In the context of plea agreements, the Strickland standard requires that a defendant show that "[1] counsel's assistance was not 'within the range of competence demanded of attorneys in criminal cases'; and [2] 'that there is a reasonable probability that, but for counsel's errors, [the defendant] would not have pled guilty and would have insisted on going to trial.'" State v. Nunez-Valdez, 200 N.J. 129, 139 (2009) (quoting State v. DiFrisco, 137 N.J. 434, 457 (1994), cert. denied, 516 U.S. 1129, 116 S. Ct. 949, 133 L. Ed. 2d 873 (1996). Counsel's failure to advise defendant of the serious consequences associated with a guilty plea has been found to constitute ineffective assistance of counsel, even where the attorney was unaware of the consequences. See Padilla v. Kentucky, 559 U.S. __, 130 S. Ct. 1473, 176 L. Ed. 2d 284 (2010); Nunez-Valdez, supra, 200 N.J. 129.

Notably, both trial counsel and the judge misinformed defendant as to the potential consequences of his pleading guilty to the indictment. Although their failure to address the possibility of consecutive sentences with defendant was not intentional, the error was of such magnitude as to deprive defendant of the opportunity to fully appreciate his decision to plead guilty. Under these circumstances, there is a reasonable probability that defendant would not have pled guilty absent this incorrect representation. See Nunez-Valdez, supra, 200 N.J. at 139.
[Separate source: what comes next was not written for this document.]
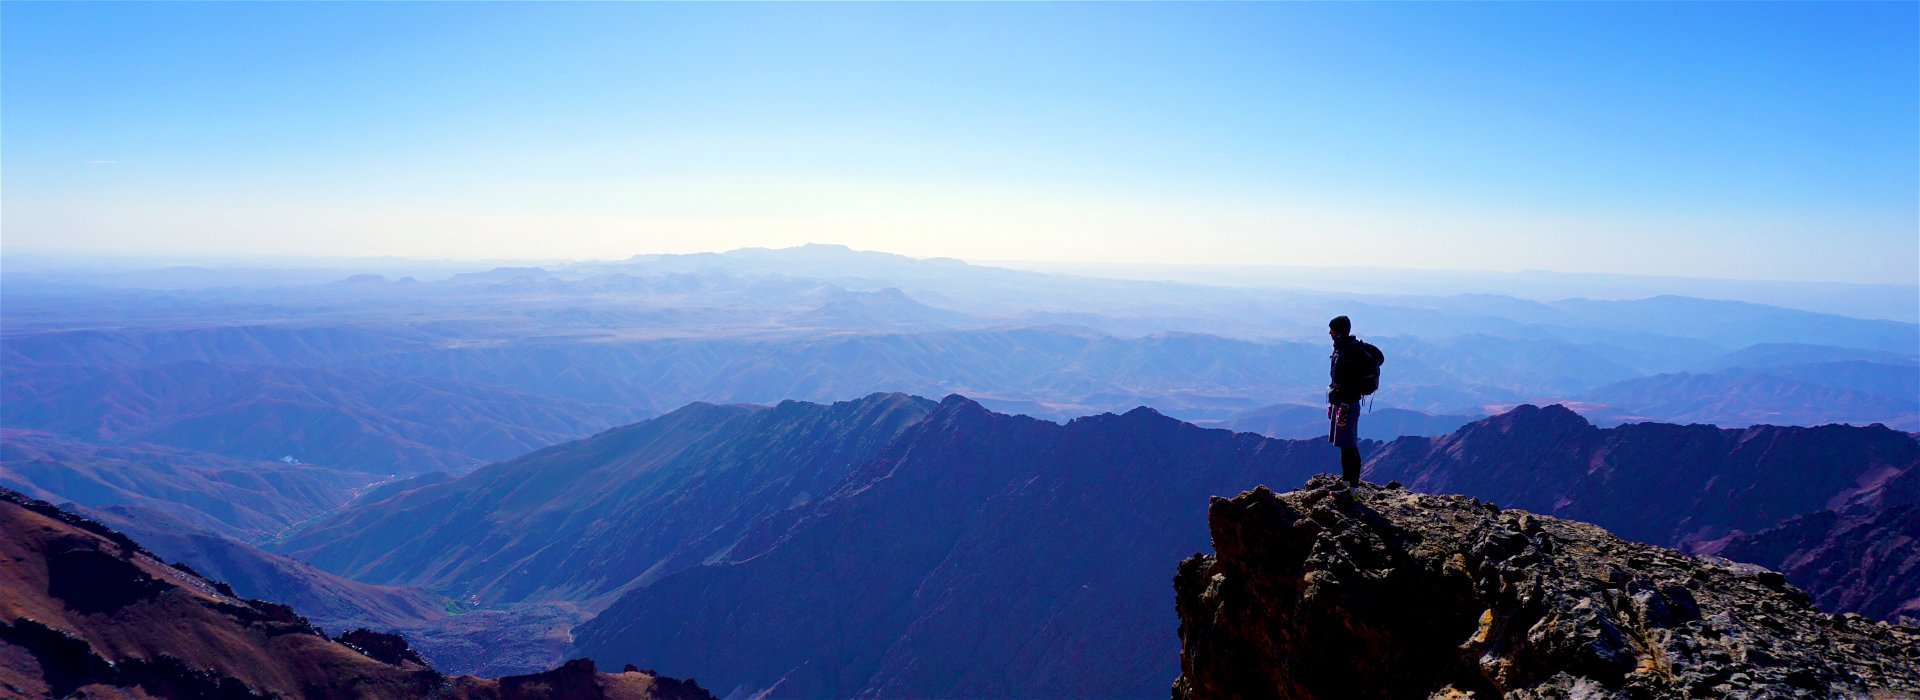 100 years since the first ascent of Mount Toubkal

Moreover, defendant sought timely relief from the judge, in which he stated that he would not have pled guilty if he knew his state sentence could potentially run consecutive to the federal sentence he was then serving. We agree that defendant's PCR application should have been heard on the merits in light of the judge's instruction that no relief was available in state court and directing defendant to appeal through the federal system. It would have been preferable for the judge to have treated defendant's letter as an initial PCR application and referred it to the Office of the Public Defender for representation. R. 3:22-6(a).

Rule 3:22-12 addresses the five-year time limitations for filing a PCR petition; however, the rule "is not rigid and monolithic." State v. Mitchell, 126 N.J. 565, 576 (1992). "When an illegal sentence is in question, no time limitations apply." Ibid. Moreover, "where the interests of justice so require," the Rule's time limitations may be relaxed. Ibid. (citing Rule 1:1-2).

Rule 3:22-12 also permits a court to review a PCR petition filed more than five years from the date of the judgment of conviction "if the petition alleges facts demonstrating that the delay was due to the defendant's excusable neglect." Id. at 576-77 (citing State v. Sloan, 226 N.J. Super. 605, 612 (App. Div.), certif. denied, 113 N.J. 647 (1988). If the petitioner does not allege facts sufficient to show excusable neglect, the Rule bars the claim. Ibid. (citations omitted). Under the facts alleged here, the strictures of Rule 3:22-12 should have been relaxed to allow the merits of defendant's petition to be heard.

We further agree with the judge that defendant has already served his maximum sentence under the plea agreement and may not gain any practical relief from the grant of his application to withdraw his guilty plea.

Regardless, we find it necessary to grant defendant's appeal because the interests of justice must be vindicated. A judge's promise regarding a plea agreement must be enforceable, or a defendant should be allowed to withdraw his plea.*fn1

Reversed.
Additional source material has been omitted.